Cochrane, a member of the Fisher River Cree Nation, said being an Indigenous medical student comes with its challenges. However, her Indigenous mentor and classmates made her feel comfortable carrying a stethoscope.
“I was very happy to know there were other people like me in the class,” said Cochrane, who will be entering her third year at the University of Manitoba’s Max Rady College of Medicine in the fall.
More than half of the class of 2021 is made up of women; about 10 per cent identify as Indigenous.
Each one of those students would have supplied information on ancestry when they applied for medical school, among a series of questions, some deeply personal, about their family history, economic status and sociocultural determinants.

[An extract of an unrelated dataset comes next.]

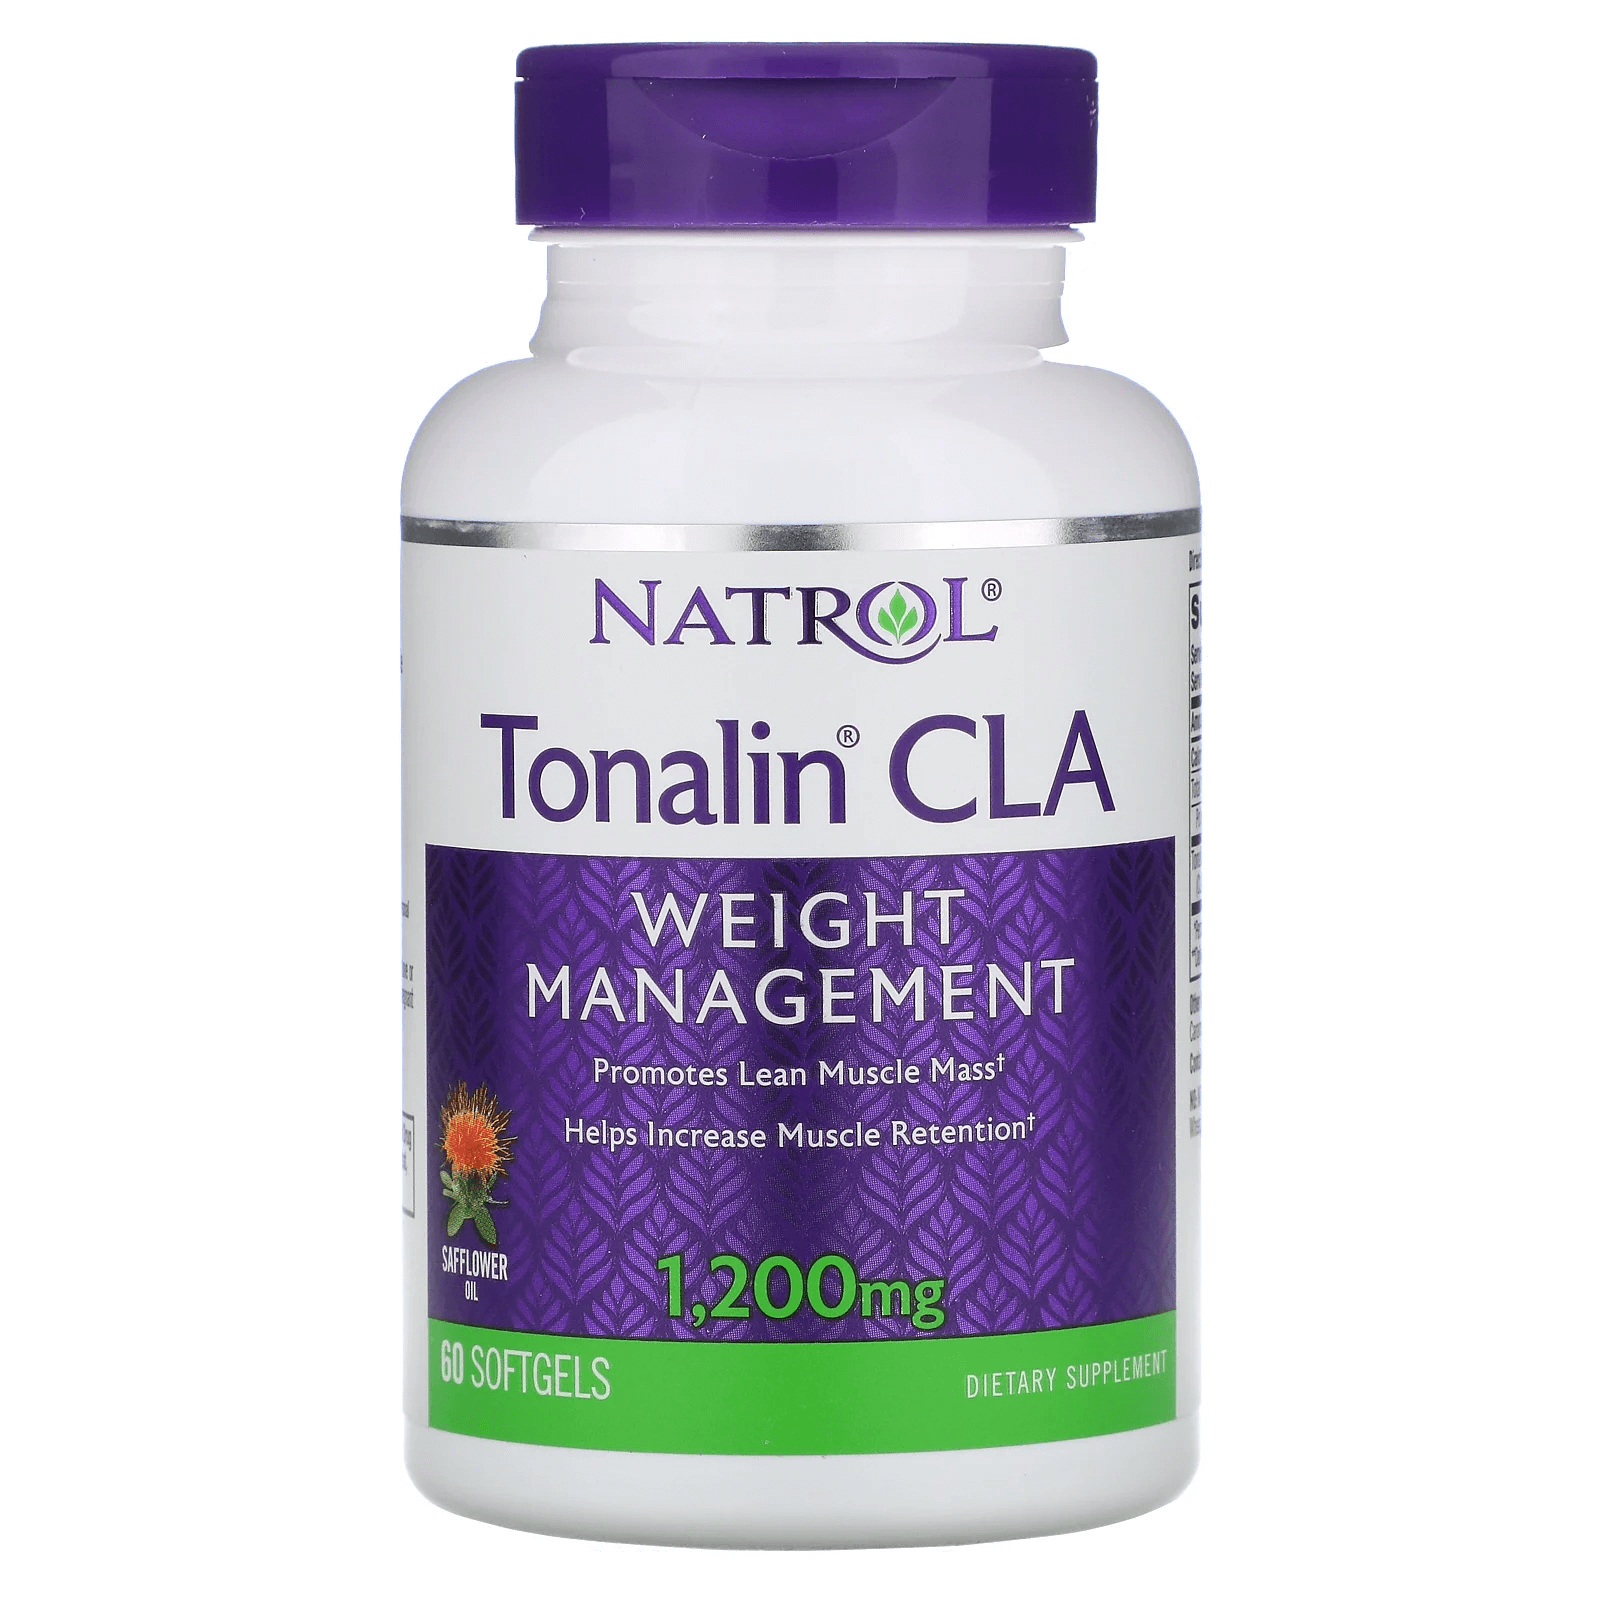 конъюгированная линолевая кислота california gold nutrition cla 1000 мг 90 мягких таблеток Tonalin CLA, конъюгированная линолевая кислота (КЛК), 1200 мг, 60 мягких таблеток, Natrol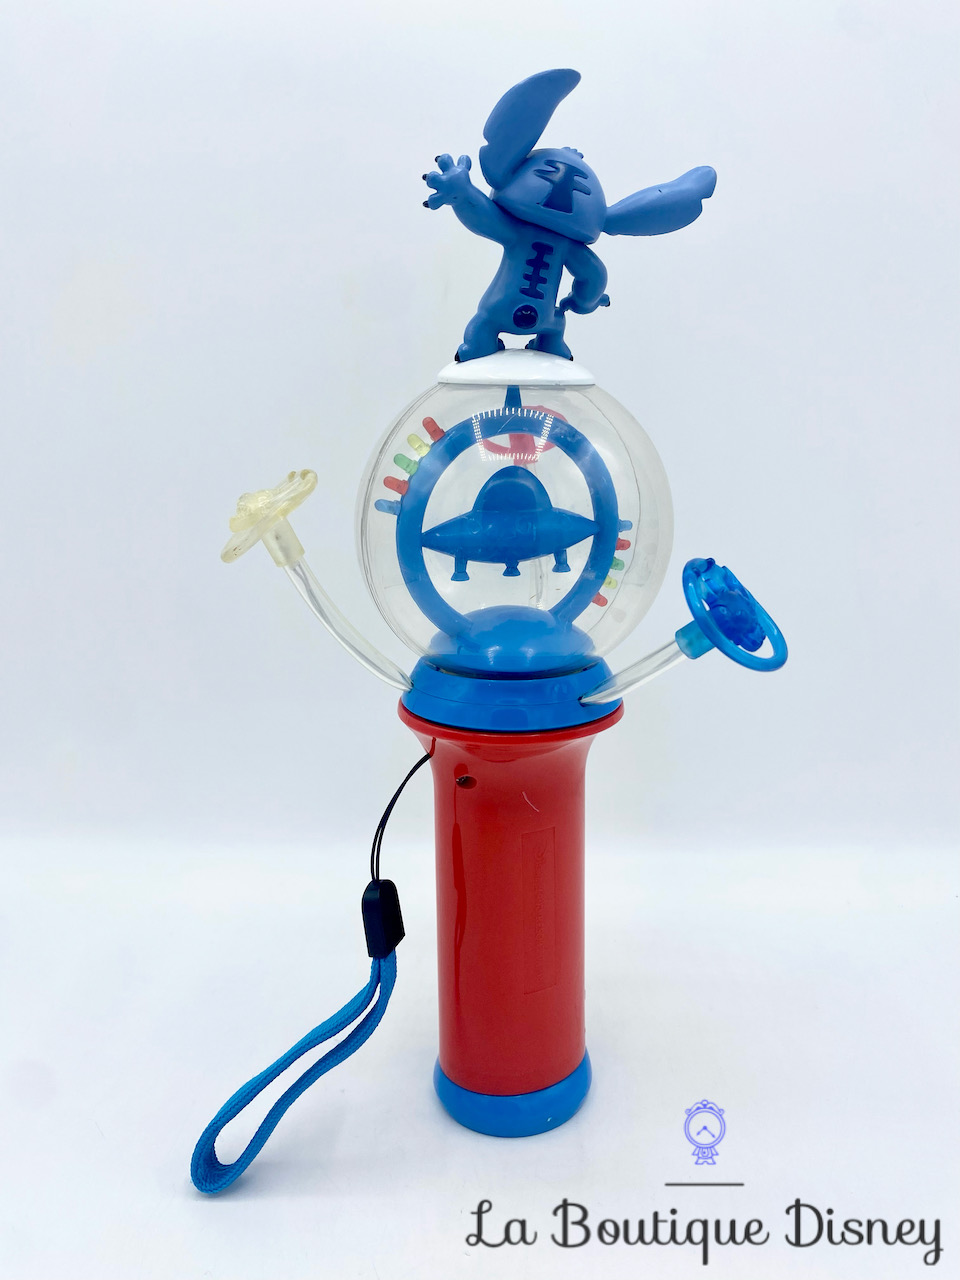 JOUET - TOY - Tokyo Disney - Stitch - Jouet lumineux tournant - Light turn  toy EUR 21,99 - PicClick FR

The U of M added the step to its application process in 2015, to ensure the faculty’s student population better reflects patients in the province.
The measure was taken after the Winnipeg-based university studied its data and found a clear pattern of successful medical school candidates: they are often white, wealthy and from urban areas.
The survey adds to the faculty’s traditional requirements to find the “best and brightest” in reviewing grade-point averages, Medical College Admission Test scores and interviews.
“Good clinicians, people who can really be effective in a clinical setting, also need non-academic attributes — things like professionalism, ethics, communication skills, humanity, empathy,” said Dr. Sara Goulet, a Métis family physician and newly-appointed associate dean of admissions in medicine.
These attributes, according to Goulet, often come from lived experiences.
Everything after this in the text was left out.